### Data for analysis
--- START ---

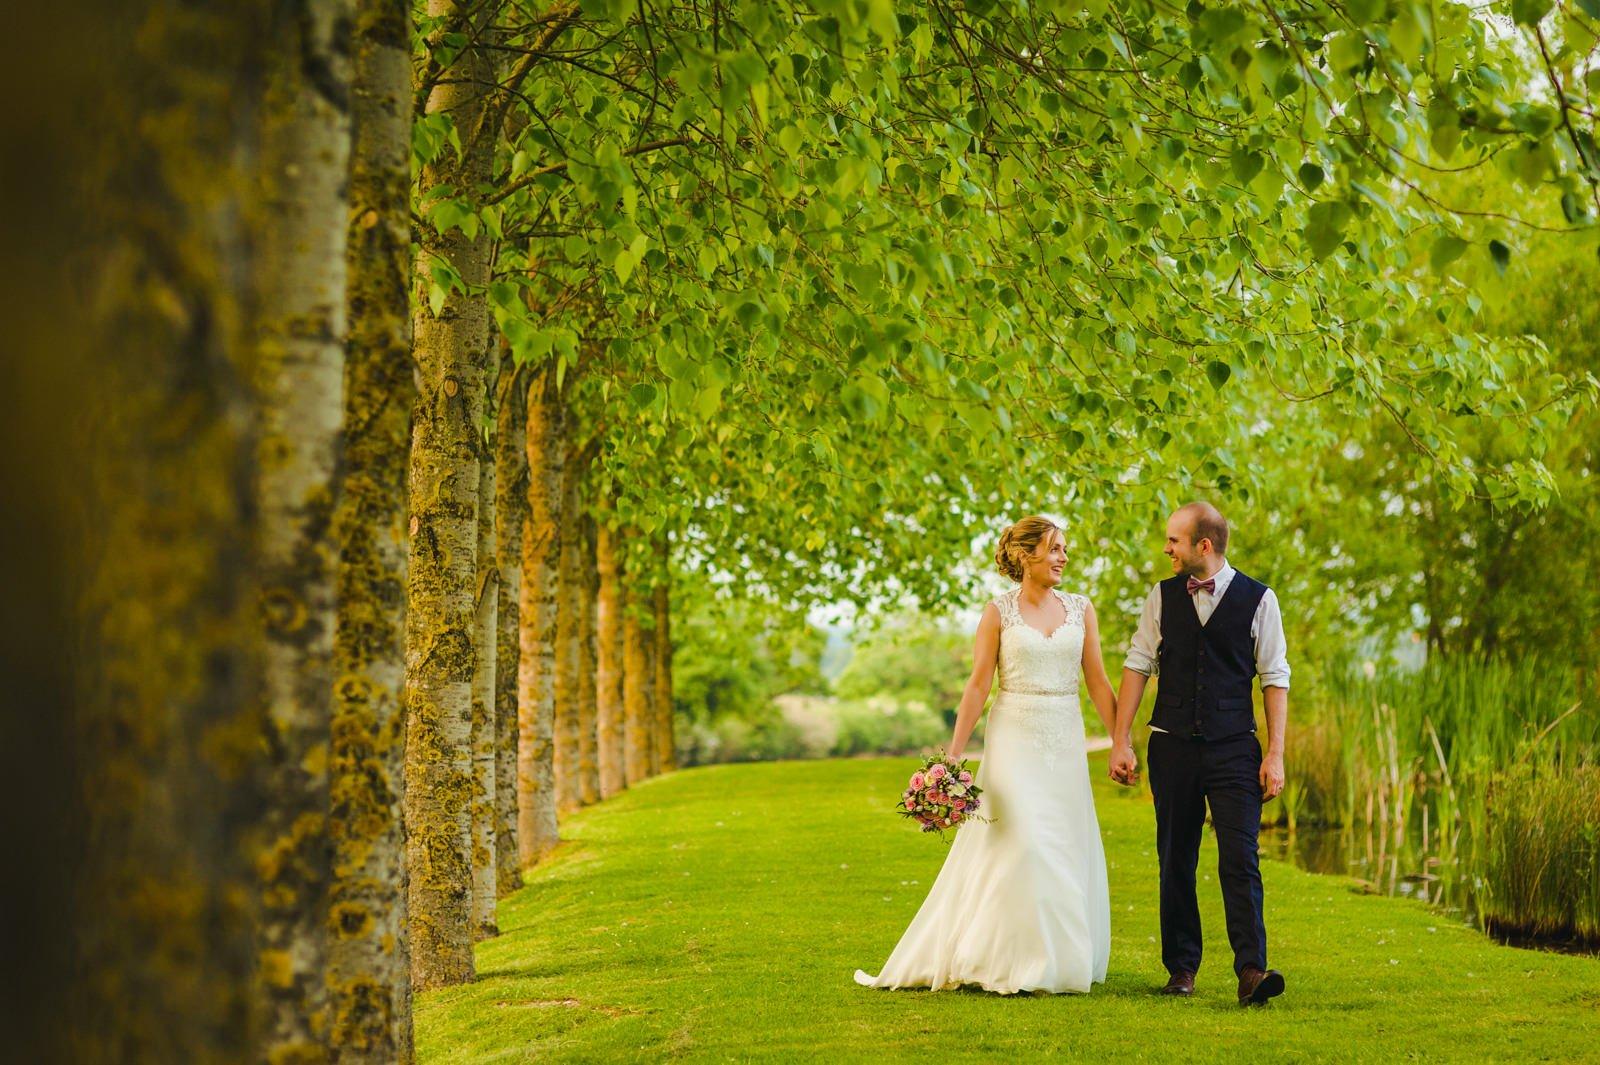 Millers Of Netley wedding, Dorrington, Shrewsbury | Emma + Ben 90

--- END ---
--- START ---

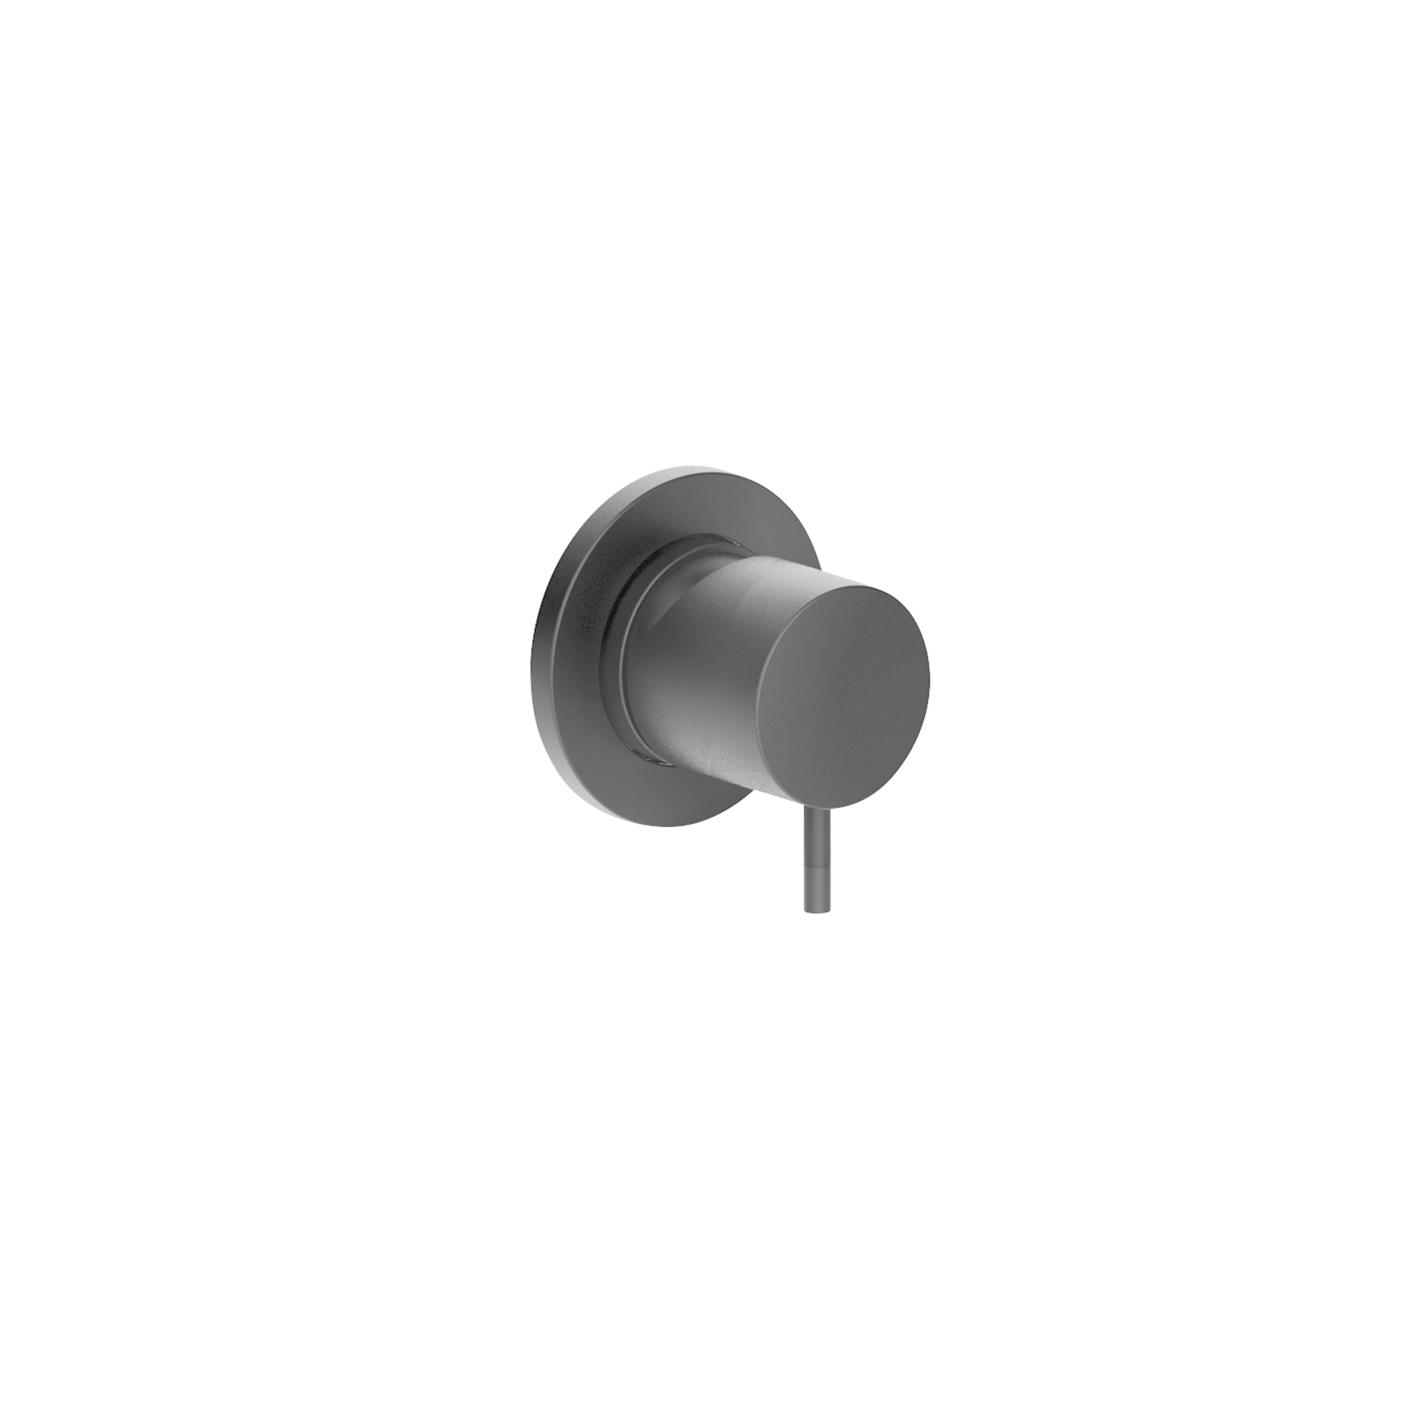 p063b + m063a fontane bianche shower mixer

--- END ---
--- START ---

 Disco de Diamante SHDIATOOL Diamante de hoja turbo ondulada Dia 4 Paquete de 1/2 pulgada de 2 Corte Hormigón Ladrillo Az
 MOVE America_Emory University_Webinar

--- END ---

### Activity
In the data above, start at the line that has "Disco de Diamante", stop after the line that has "MOVE America_Emory University_Webinar", and print every line in between exactly as it stands.

### Task result
 Disco de Diamante SHDIATOOL Diamante de hoja turbo ondulada Dia 4 Paquete de 1/2 pulgada de 2 Corte Hormigón Ladrillo Az
 MOVE America_Emory University_Webinar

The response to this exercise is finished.